My mental picture is to imagine the likelihood function with respect to theta of the more complex model. The simpler model is the equivalent of a square function with height of its likelihood and width 1.
The relative areas under the graphs reflect the likelihood of the models. So if picturing the relative maximum likelihoods and how sharp the peak is on the more complex model gives an impression of the Bayes factor.
Does that work? Or is there a better mental model?
A different view is to look at the search process for the models, rather than the model itself. If model A is found from a process that evaluates 10 models, and model B is found from a process that evaluates 10,000, and they otherwise have similar results, then A is much more likely to generalize to new data points than B.
The formalization of this concept is called VC dimension and is a big part of Machine Learning Theory (although arguably it hasn't been very helpful in practice): https://en.wikipedia.org/wiki/Vapnik%E2%80%93Chervonenkis_dimension
Is there a theoretical justification for using VC dimension as a basis for generalization, or is it treated as an axiomatic desideratum?

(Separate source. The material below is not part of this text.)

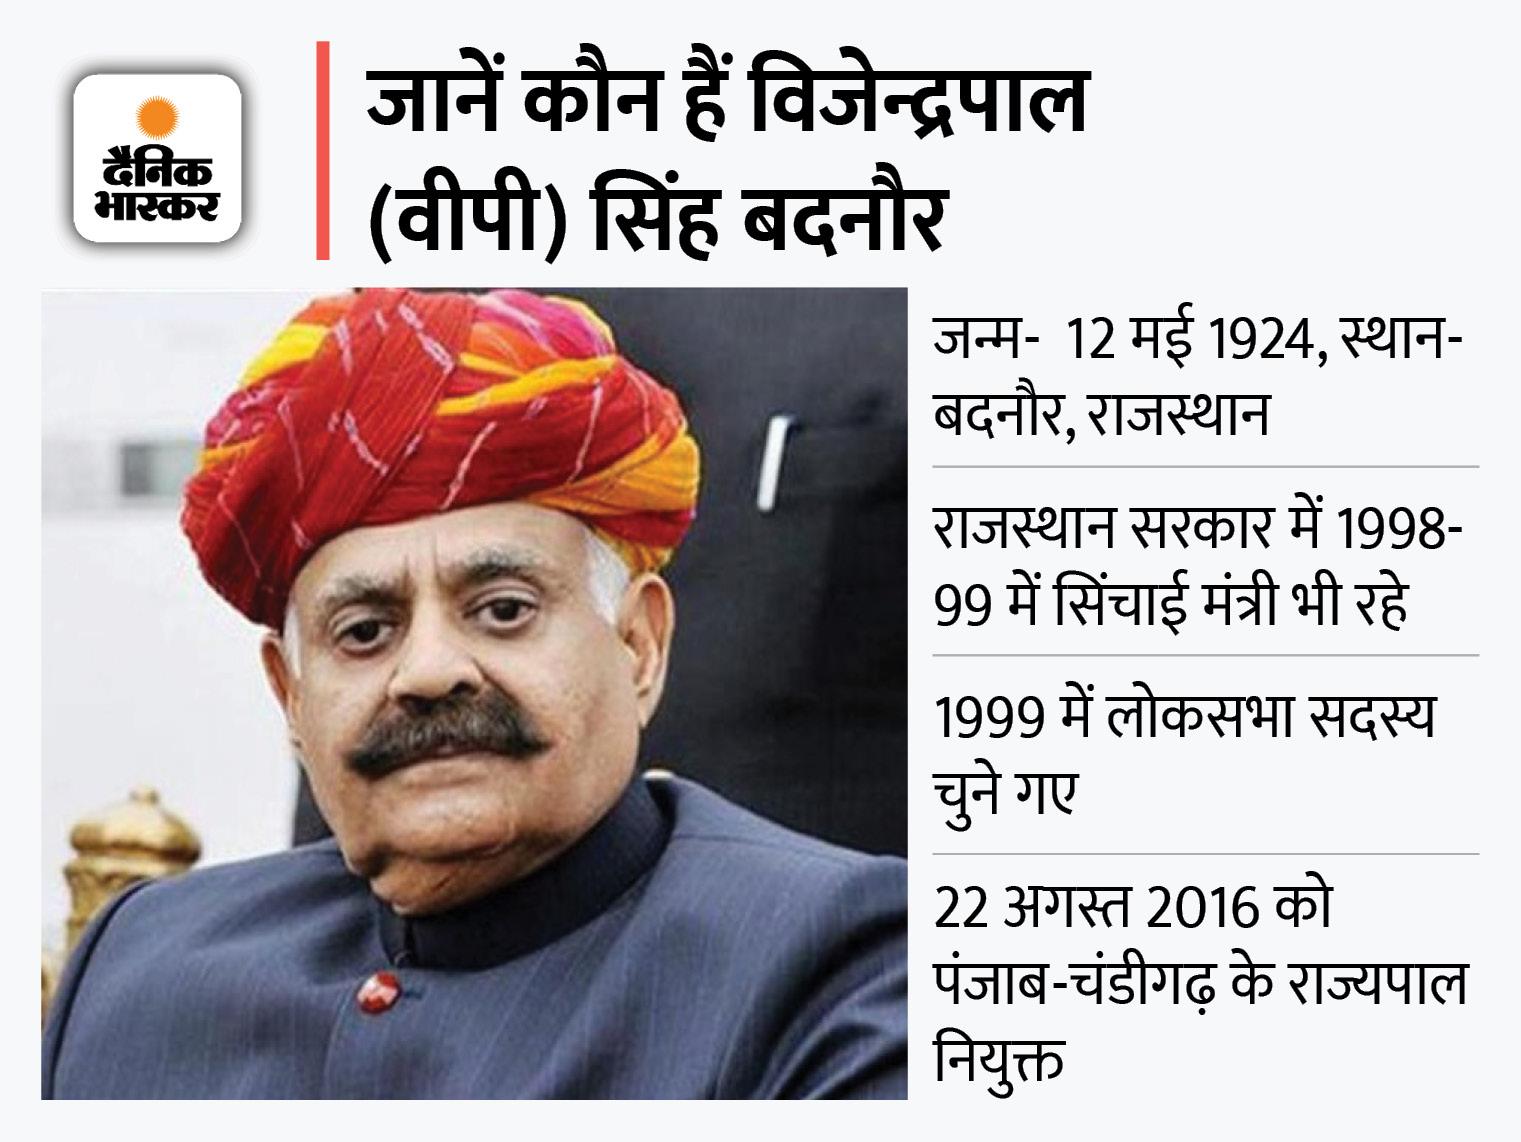 चंडीगढ़ के लिए अलग प्रशासक की उठने लगी मांग, राष्ट्रपति ने अभी तक जारी नहीं किए नई नियुक्ति के आदेश|चंडीगढ़,Chandigarh - Dainik Bhaskar

A good exposition of the related theorems is in Chapter 6 of Understanding Machine Learning (https://www.amazon.com/Understanding-Machine-Learning-Theory-Algorithms/dp/1107057132/ref=sr_1_1?crid=2MXVW7VOQH6FT&keywords=understanding+machine+learning+from+theory+to+algorithms&qid=1562085244&s=gateway&sprefix=understanding+machine+%2Caps%2C196&sr=8-1)

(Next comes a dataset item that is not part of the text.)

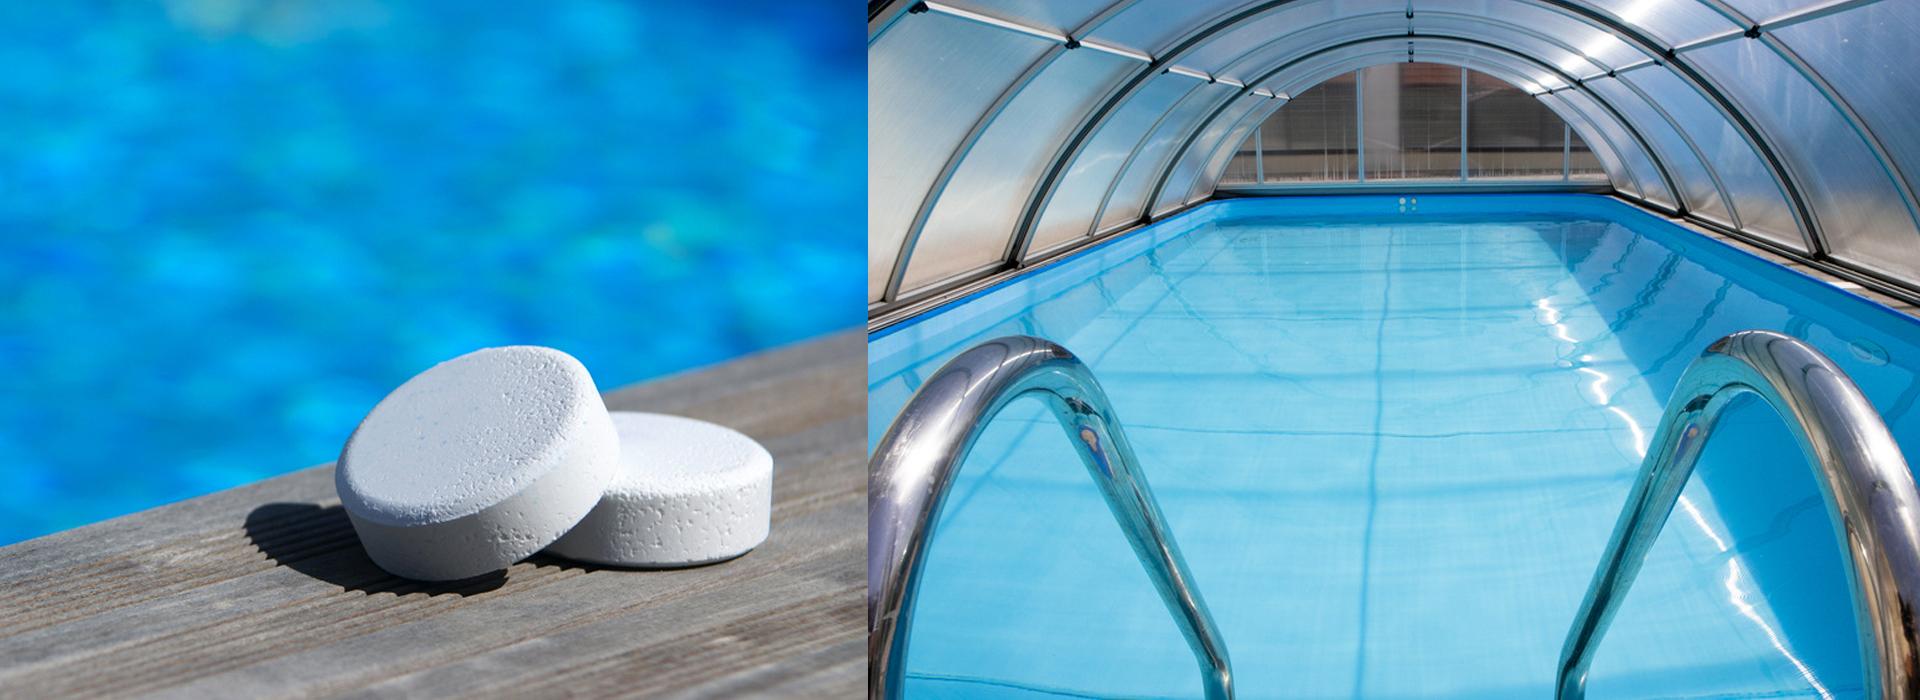 Ordenanza reguladora de las condiciones higi nico for Mantenimiento de piscinas madrid

There are several related theorems. Roughly:
1. The error on real data will be similar to the error on the training set + epsilon, where epsilon is roughly proportional to (datapoints / VC dimension.) This is the one I linked above.
2. The error on real data will be similar to the error of the best hypothesis in the hypothesis class, with similar proportionality
3. Special case of 2 – if the true hypothesis is in the hypothesis class, then the absolute error will be < epsilon (since the absolute error is just the difference from the true, best hypothesis.)

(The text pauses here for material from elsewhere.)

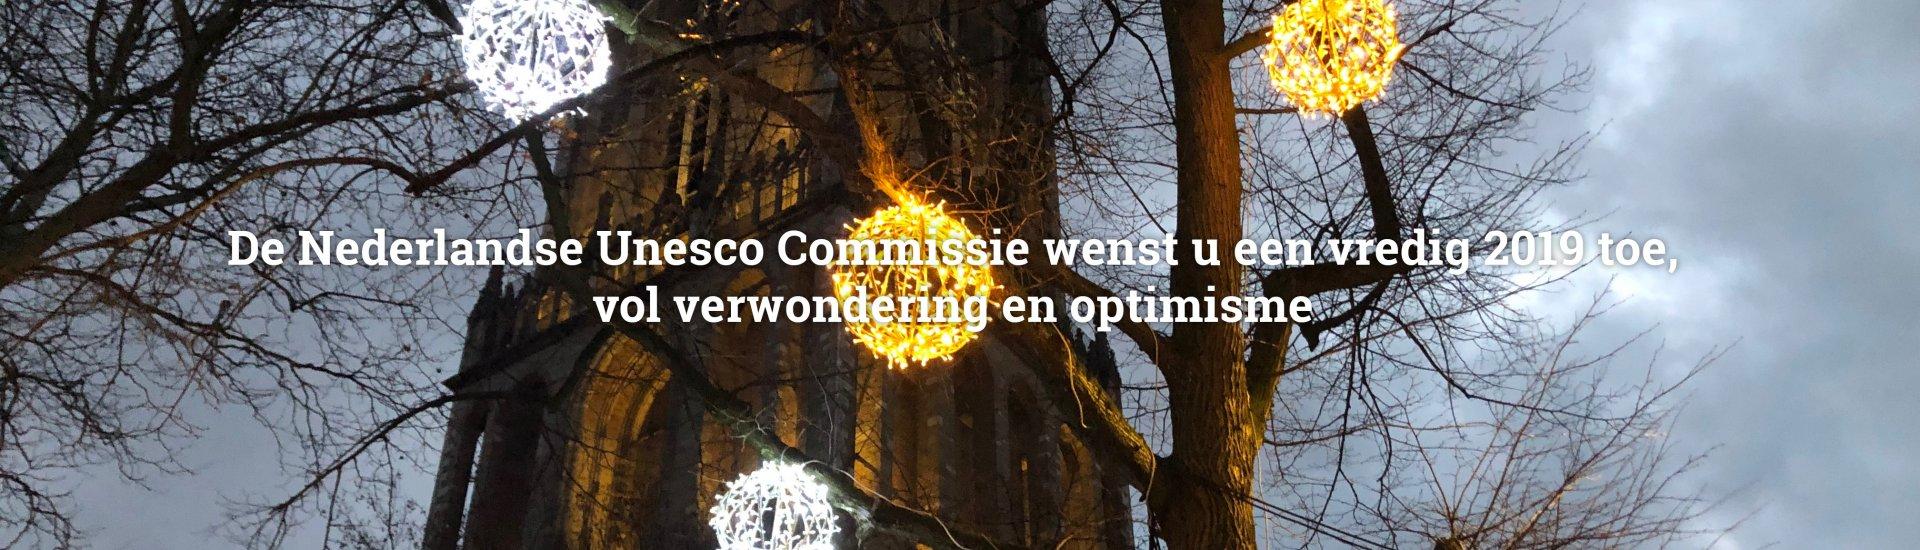 De Unesco Commissie Wenst Ieder Een Vredig 2019 Unesco Commissie

3 is probably the one you're thinking of, but you don't need the hypothesis to be in the class.
The exact Bayesian solution penalizes complex models as a side effect. Each model should have a prior over its parameters. The more complex model can fit the data better, so P(data | best-fit parameters, model) is higher. But the model gets penalized because P(best-fit parameters | model) is lower on the prior. Why? The prior is thinly spread over a higher dimensional parameter space so it is lower for any particular set of parameters. This is called "Bayesian Occam's razor".
If one has 2 possible models to fit a data set, by how much should one penalize the model which has an additional free parameter?
Penalization might not be necessary if your learning procedure is stochastic and favors simple explanations. I encourage you to take a look on the nice poster/paper «Deep learning generalizes because the parameter-function map is biased towards simple functions» (PAC-Bayesian learning theory + empirical intuitions).
Previously I asked about Solomonoff induction but essentially I asked the wrong question. Richard_Kennaway pointed me in the direction of an answer to the question which I should have asked but after investigating I still had questions.
So:
If one has 2 possible models to fit to a data set, by how much should one penalise the model which has an additional free parameter?
A couple of options which I came across were:
AIC, which has a flat facter of e penalty for each additional parameter.
BIC, which has a factor of √n penalty for each additional parameter.
where n is the number of data points.
On the one hand having a penalty which increases with n makes sense - a useful additional parameter should be able to provide more evidence the more data you have. On the other hand, having a penalty which increases with n means your prior will be different depending on the number of data points which seems wrong.
So, count me confused. Maybe there are other options which are more helpful. I don't know if the answer is too complex for a blog post but, if so, any suggestions of good text books on the subject would be great.
EDIT: johnswentworth has written a sequence which expands on the answer which he gives below.